It's getting a little easier, but life is still hard going.
Yesterday I just did not want to be at work, though at the same time I acknowledged that I needed to be doing something, preferably with other people around, to stop my mind dwelling on my father's death. My colleagues had been told the news at the weekly staff meeting on Tuesday, thus making things very much easier for me, yet trying to be cheerful in my dealings with customers was still an incredible strain. One of the CDs I put on (a compilation claiming to be designed for relaxation) did not help either - the second movements from Beethoven's 7th (Beethoven being my father's favourite composer) and
When I am laid in earth (from Purcell's
Dido and Aeneas) had me crouching down behind the counter while I tried to regain my composture before deciding I had to go straight to the next track. Neither come under the definition of "relaxing" in my book: the first has a touch of a funeral march about it, while the second is a harrowing piece if ever there was one.

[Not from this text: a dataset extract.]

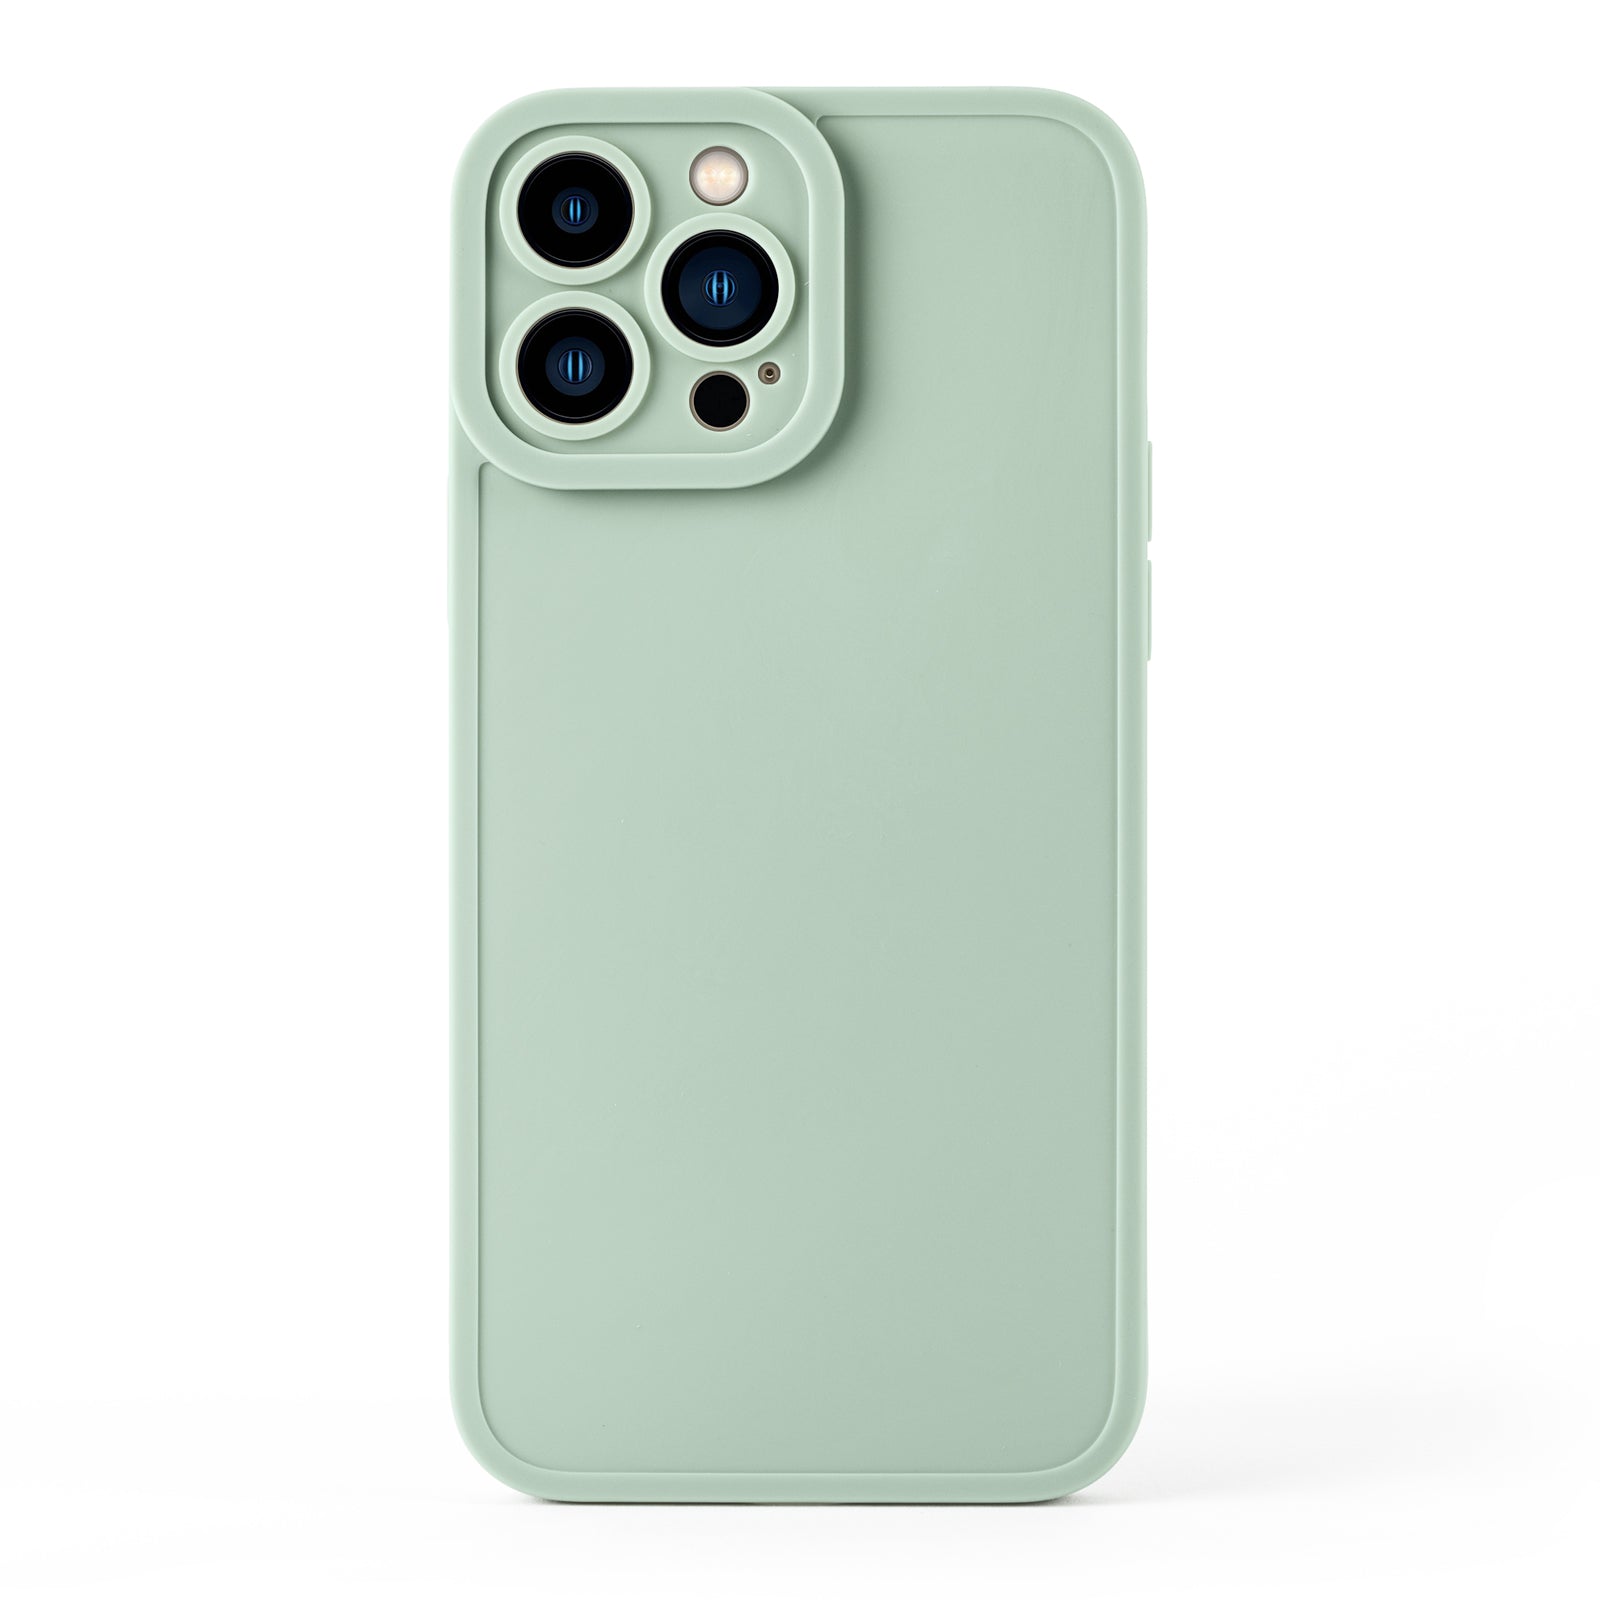 Silicone iPhone Case - Mint Green

Today was a slight improvement, despite being caught off-guard on many occasions by minor incidents which brought my father to mind. In due course I decided to confront my feelings in a more constructive way by drawing a list of his favourite pieces of music, with the intention of celebrating his memory one evening by playing them all at home. (It had been my intention to do this tomorrow in the company of my friend Don, but in all honesty it's far too soon, the funeral hasn't even taken place.)
I'll need to check with my mother that I've not left anything crucial out, but here, for what it's worth, is the list to date:
- Beethoven's
Triple concerto, probably his favourite piece of music;
- Glinka's
Grand sextet for piano and strings, rather less known but nonetheless another keen favourite;
- some piano duets by Schubert, preferably played by Paul Badura-Skoda and Jörg Demus; and
- Mussorgsky's
Pictures at an exhibition (in Ravel's orchestration), the main item in the first big concert I remember my parents taking my brother and me to.
I'm away from Monday afternoon to Sunday evening - my flights are now booked - and in the meantime, I'm making sure I have something to do every evening, to save me being left alone with my thoughts. Yesterday I was out with Paul and Rob, tonight I had choir rehearsal (an odd affair, as everyone knew of Father's illness, which was mentioned in Sunday's prayers, but not of his death); tomorrow I'm off to see
The corpse bride - it's likely to be a bit macabre, but I adore Tim Burton - and on Saturday my neighbours and I are having a quiet get-together. On Sunday and Monday I have Luke's company to look forward to. Dear friend that he is, he's cleared his diary (unprompted) for those two days to visit me.
I have some truly wonderful friends.